不过天色不早了,可能没功夫去找郎中了。
她见萧横和气,就问他练武会不会抻到自己,伤到了一般会怎样治?
“抻到很正常,用药油推一推,揉开了,很快就好。”
听雪又问,“用什么药油呢,红花油行么,怎么揉呢?”
萧横想了想,“你是女子,不像军中操练得狠,一般伤不到筋骨,顶多拉伤皮肉。郎君那里有药,回头我给你要几瓶,厚厚抹上,用滚烫的帕子敷一敷,第二日就不疼了。”
反正他备着也不用,白放着也是放着。
听雪连忙道谢。
正房,隐章早就吃饱了。可萧彻虽吃得很慢,筷子却一直没停。隐章有些坐不住了,她第一百次后悔留了下来,当时就该坚持去厢房的。

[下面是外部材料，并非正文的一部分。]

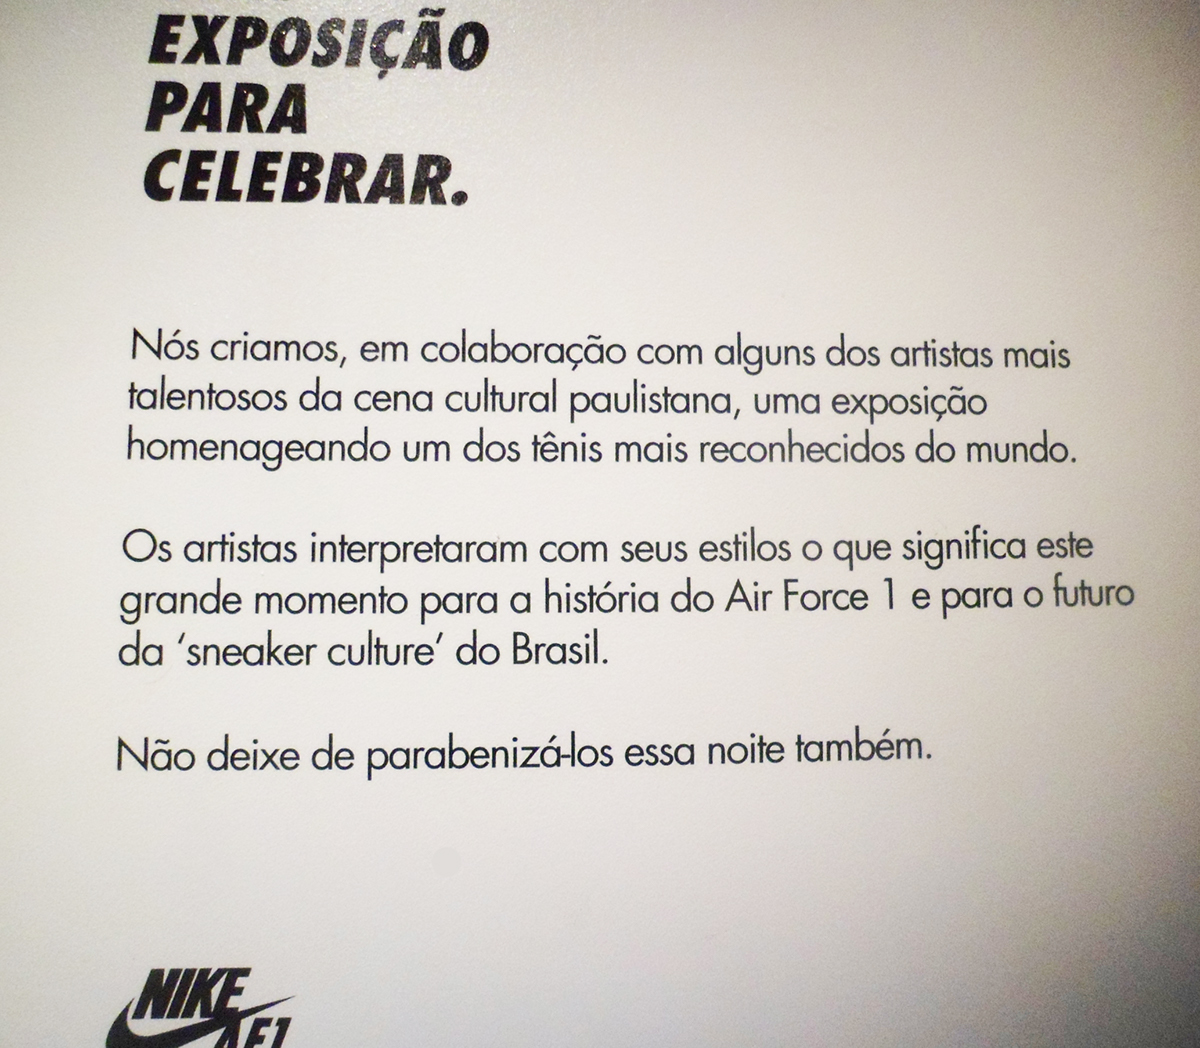 Nike Ilustração af1 expo disco black gold

正坐立难安时,林原敲门进来,俯身贴在萧彻耳边说了几句什么。
萧彻眉心微拢,“知道了,备马。”
隐章眼神一亮,立马放下了筷子。
林原退下了。
门关上后,萧彻问道,“顾小姐用好了吗?”
“好了,郎君有事只管去忙。”
她答得飞快,声音雀跃,眼睛水亮。
她恨不得立刻就走。
萧彻眸色暗下去,深不见底。
他想到萧横的话。
覃兆丰亲了她,她没避开。
“顾小姐,”
他叫她,声音低得像是说给自己听的,“你唇上有酱汁。”
“什么?”
萧彻抬手在自己脸上比划了一下,“这里,有酱汁。”
隐章脸一热,抬手去擦,指尖却什么也没碰到。
萧彻走向她,慢慢抬起手,指腹落在她唇的另一侧,轻轻一蹭,“是这里。”
“我指错地方了,抱歉。”
“多谢郎君。”
隐章手指轻轻攥住了袖口,又悄悄松开,呼吸短了一拍,她向他行礼,“今日多谢郎君款待,告辞。”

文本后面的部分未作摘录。